Perfect Stranger

THRILLER, id., Usa, 2007 - regia di James Foley - scritto da Todd Komarnicki - con Halle Berry, Bruce Willis, Giovanni Ribisi, Gary Dourdan, Patti D'Arbanville, Clea Lewis - durata: 105 minuti - distribuito da Sony Picture Releasing - giudizio: mediocre

Se non ci fosse Halle Berry con la sua bellezza carismatica e il suo fascino unico, sarebbe molto difficile arrivare alla fine di questo thriller convenzionale, diretto da un James Foley, suo malgrado, costretto a curare più l'ambientazione che la narrazione.

Rowena Price è una reporter alle prese con un'indagine sulla morte di un'amica . Durante le ricerche la donna viene a conoscenza di molti segreti che la ragazza non le aveva mai confessato, che la portano a sospettare che nel delitto sia implicato Harrison Hill, un ricco e potente uomo d'affari che aveva avuto una relazione con la ragazza. Rowena decide di mettersi in gioco e di portare avanti le indagini da sola e in prima persona. Per prima cosa si cala nei panni di Katherine, e diventa la nuova provocante assistente dell'imprenditore, e nello stesso tempo diventa anche Veronica, un'intrigante seduttrice che flirta con quest'ultimo via chat. Il mondo dell'erotismo online diventa il suo terreno di caccia. Per rendersi conto di non essere la sola ad aver cambiato la propria identità, che tutto non è come sembrava essere. E con il dubbio assillante di aver imboccato la strada giusta per incastrare il colpevole oppure per farsi ammazzare?

Elegante e sexy, Perfect Stranger è un film costruito per dare vita ad un finale a sorpresa tanto poco credibile, quanto , di fatto, scarsamente sorprendente.

Costruito su una serie di scatole cinesi, il film 'perde' i suoi momenti migliori con un andamento non originale che tende a dilapidare la qualità delle interpretazioni in nome di un cinema di maniera, né coinvolgente, né pauroso.

Una sensualità che non supera i livelli di guardia del politicamente corretto è quella che anima un thriller fondato su un'ambiguità che vorrebbe depistare lo spettatore senza, di fatto, riuscirci davvero.

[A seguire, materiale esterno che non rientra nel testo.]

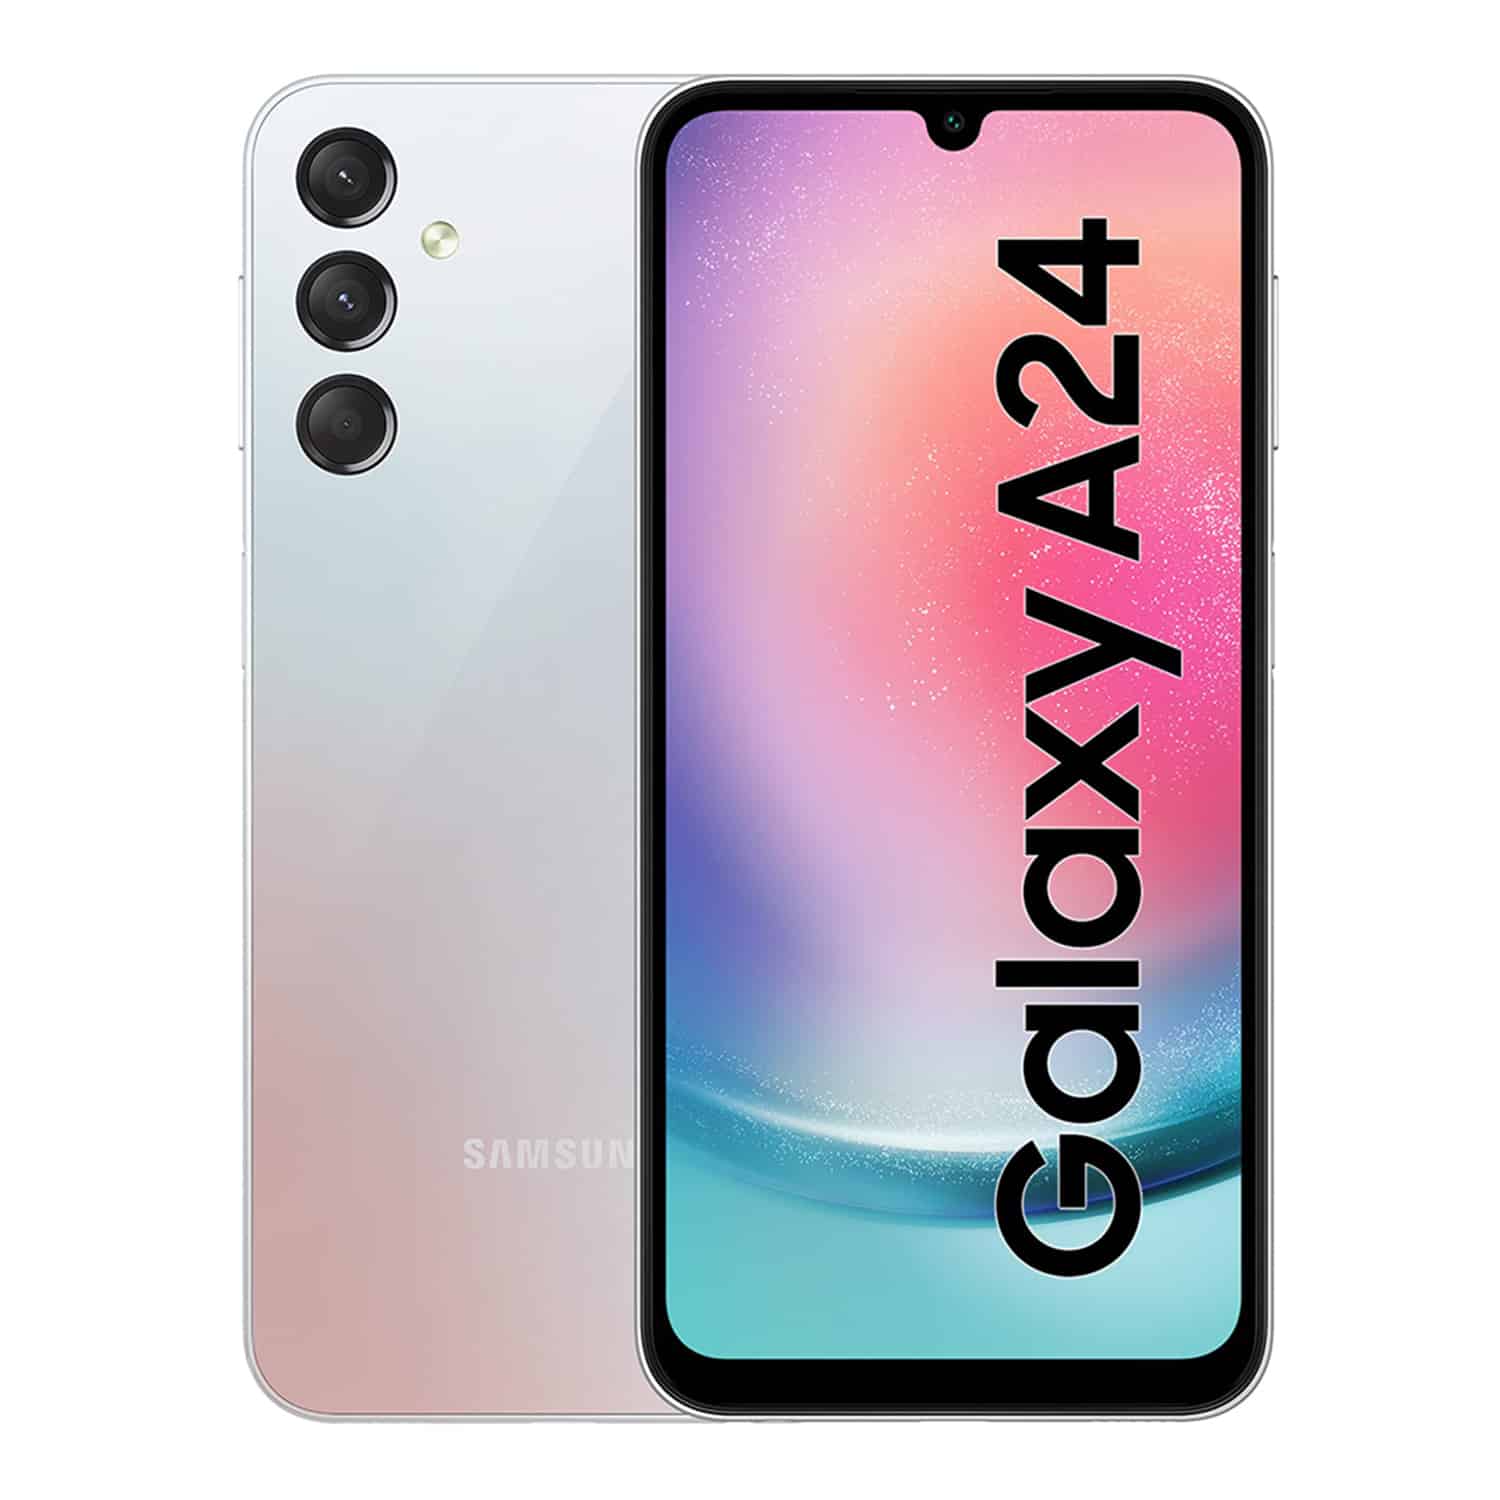 Samsung a commencé à mettre à jour la tablette économique Galaxy

Un prodotto confezionato in maniera elegante, ma privo di una vera identità e — soprattutto — di un'idea originale e convincente.

Da vedere e dimenticare. Halle Berry a parte, ovviamente per bellezza, fascino e bravura.

Autore: Marco Spagnoli - Data: 17 aprile 2007

Altre recensioni di Perfect Stranger

  • Perfect Stranger: recensione di Sergio Gualandi su ThrillerMagazine (voto: discreto)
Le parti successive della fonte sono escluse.